Using the data below, set down every line from the one containing "An elderly woman" through the one containing "Peaks of the", inclusive and unchanged. Pictures are to be skipped.

Records provided ::

──────────────────────────────

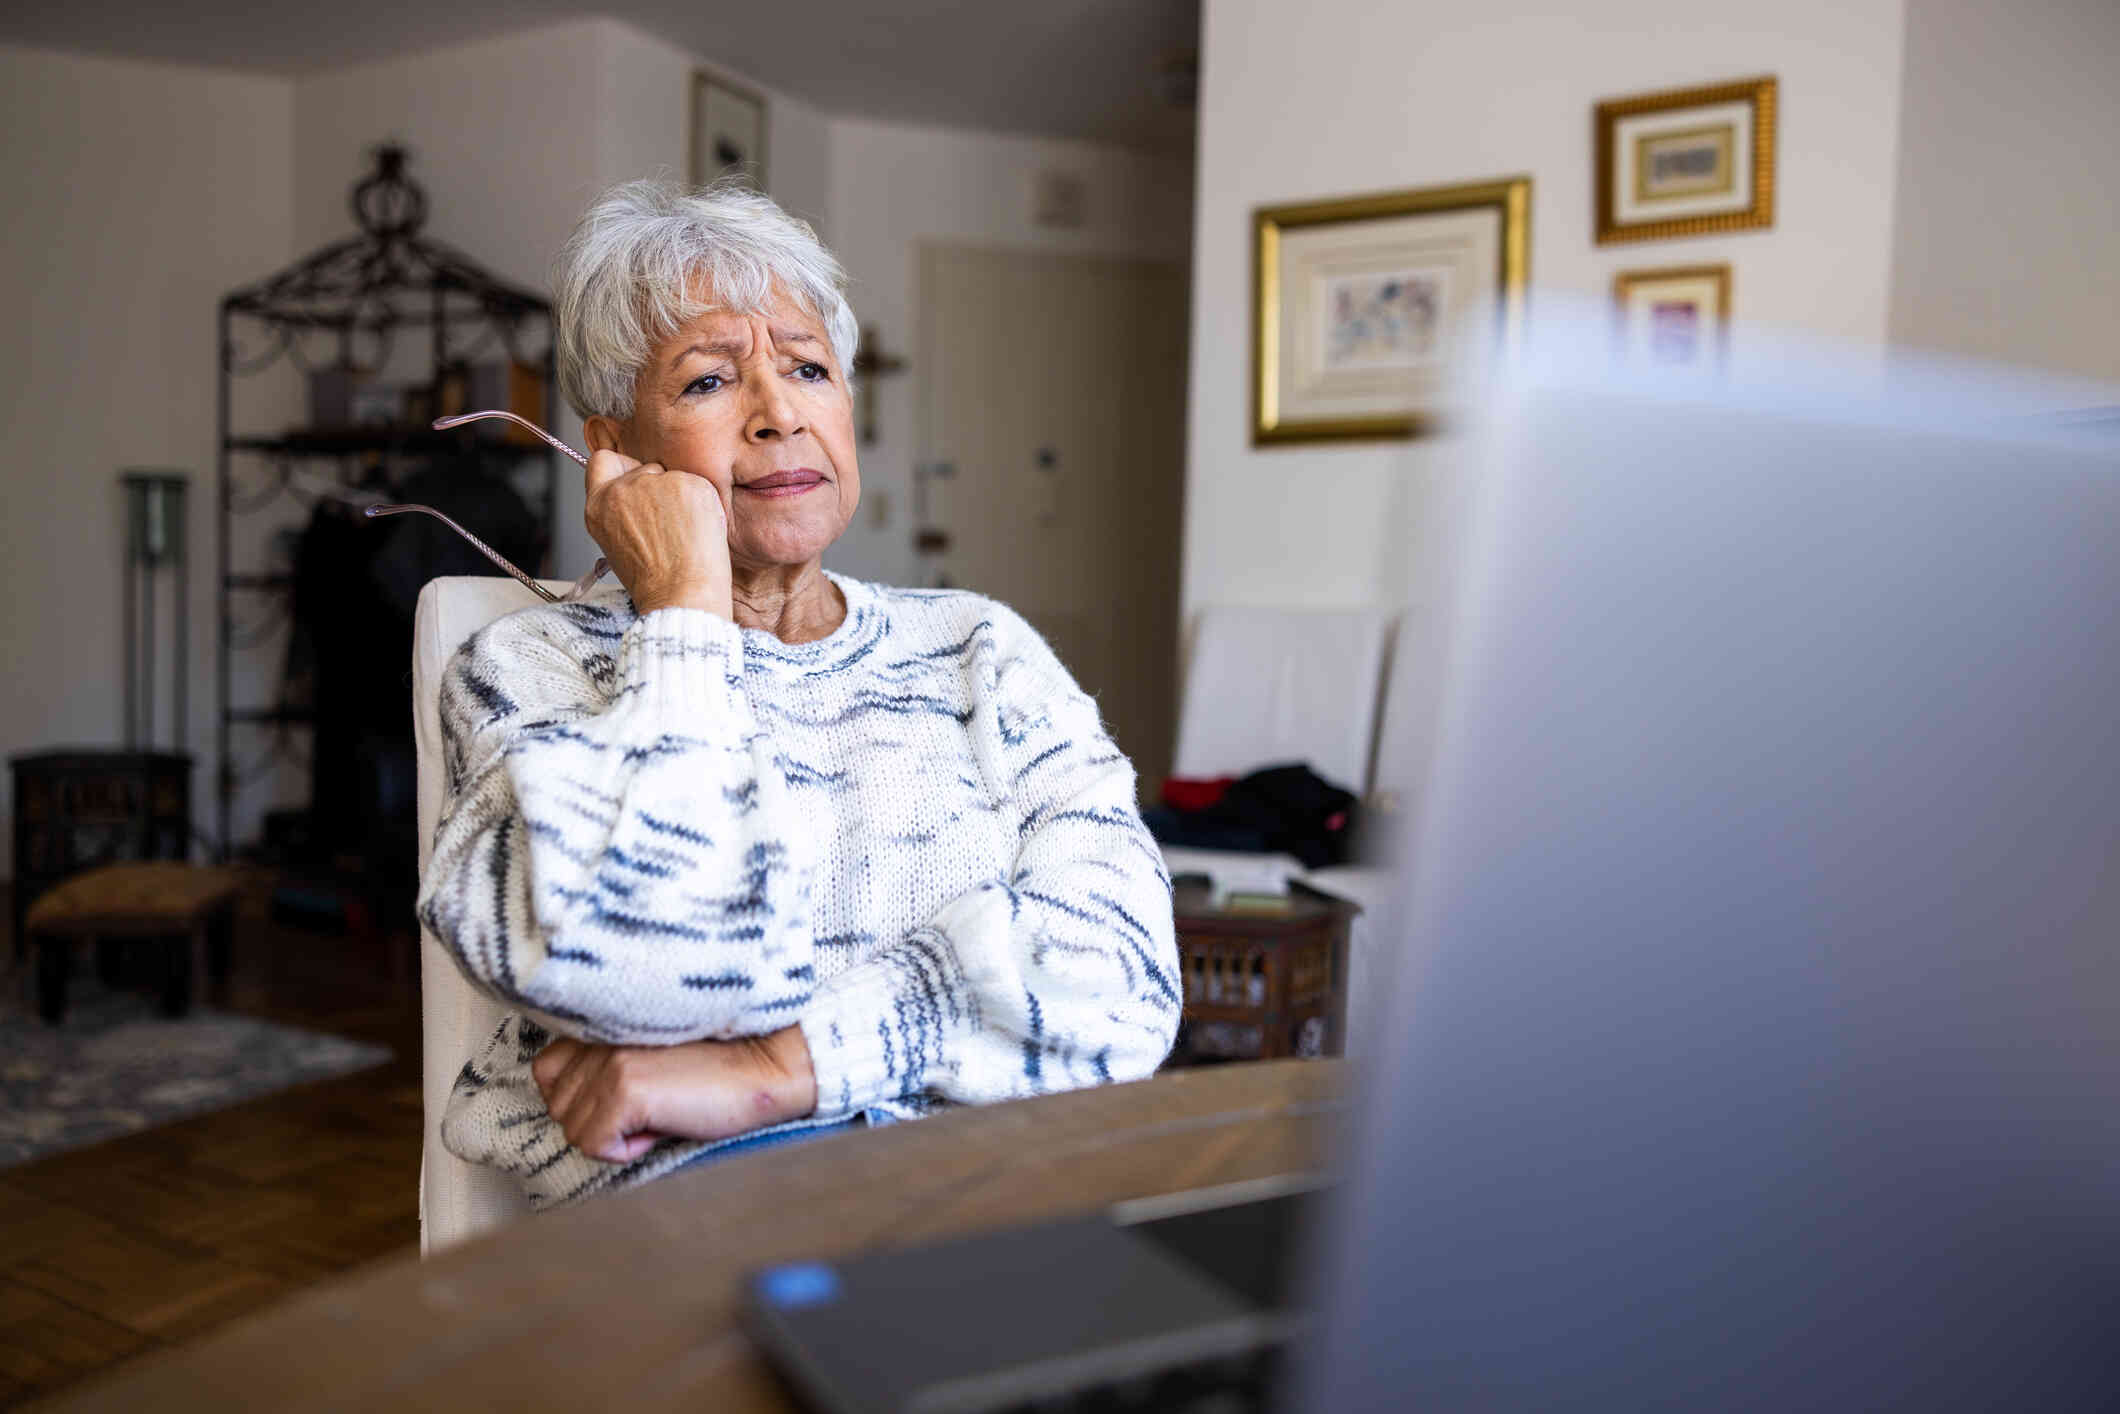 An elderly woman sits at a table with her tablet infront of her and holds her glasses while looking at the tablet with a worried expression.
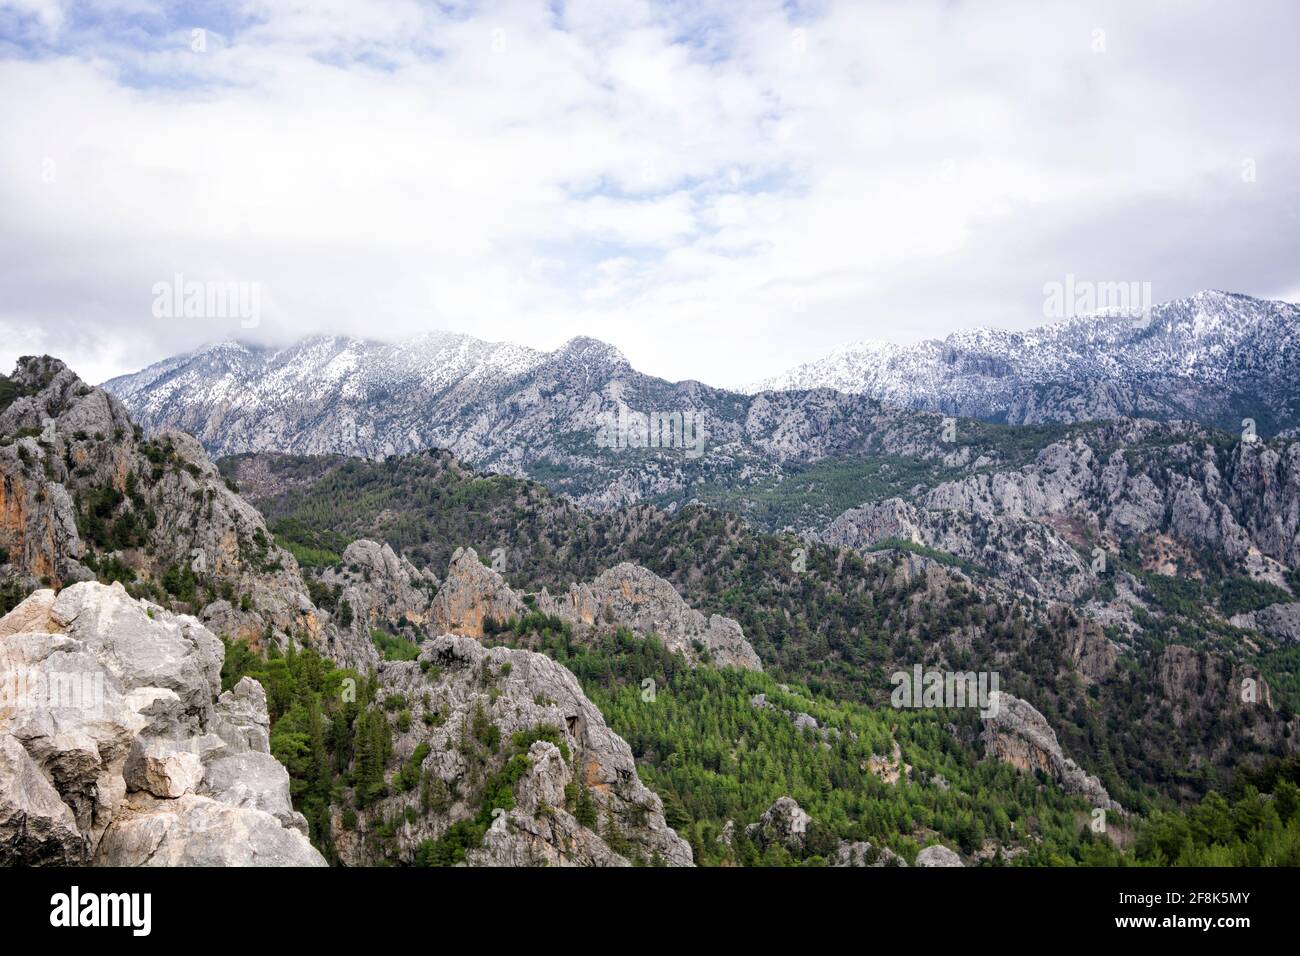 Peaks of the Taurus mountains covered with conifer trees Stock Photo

──────────────────────────────

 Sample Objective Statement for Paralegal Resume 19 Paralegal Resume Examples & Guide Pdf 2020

──────────────────────────────

Exercise response ::
 An elderly woman sits at a table with her tablet infront of her and holds her glasses while looking at the tablet with a worried expression.
 Peaks of the Taurus mountains covered with conifer trees Stock Photo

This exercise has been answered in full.